» **Available data**:
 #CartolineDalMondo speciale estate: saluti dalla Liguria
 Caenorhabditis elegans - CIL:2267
...
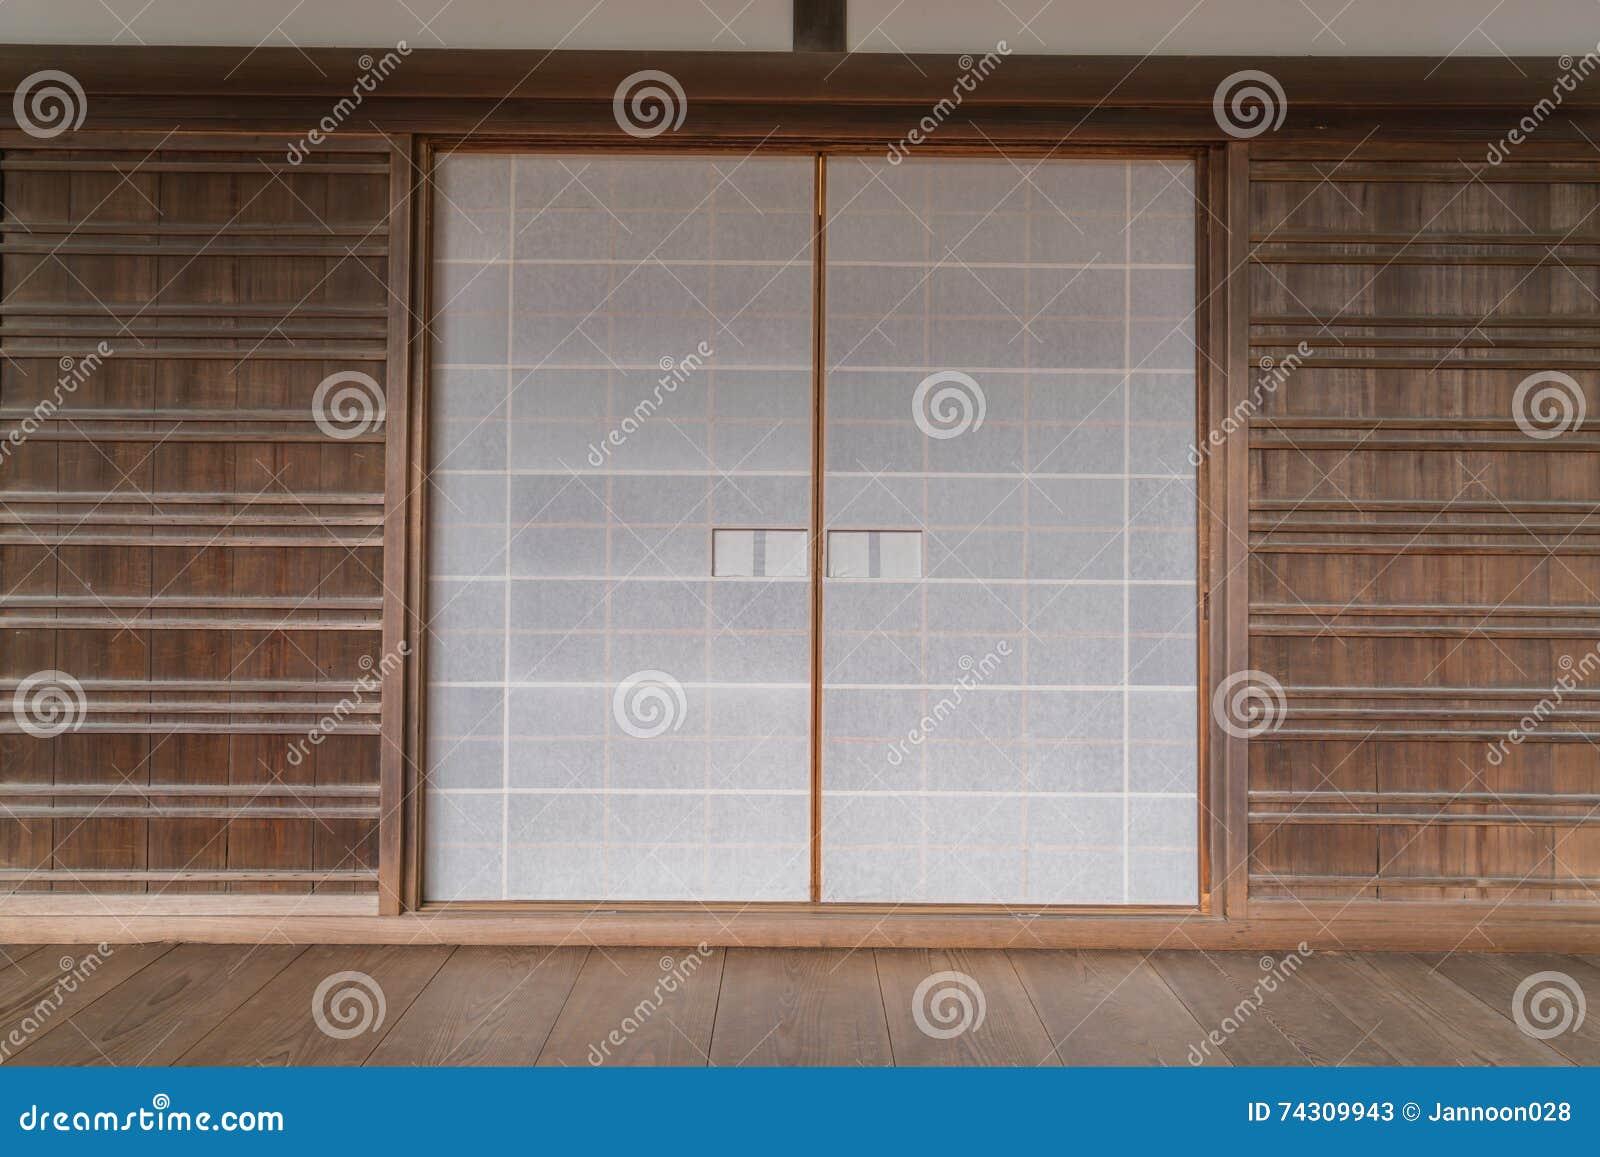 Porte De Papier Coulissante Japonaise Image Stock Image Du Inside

» **Task brief**: Beginning with the line above that contains "#CartolineDalMondo speciale estate: saluti", copy each line exactly up to and including the line that contains "Caenorhabditis elegans - CIL:2267", and go no further.

» **The answer**:
 #CartolineDalMondo speciale estate: saluti dalla Liguria
 Caenorhabditis elegans - CIL:2267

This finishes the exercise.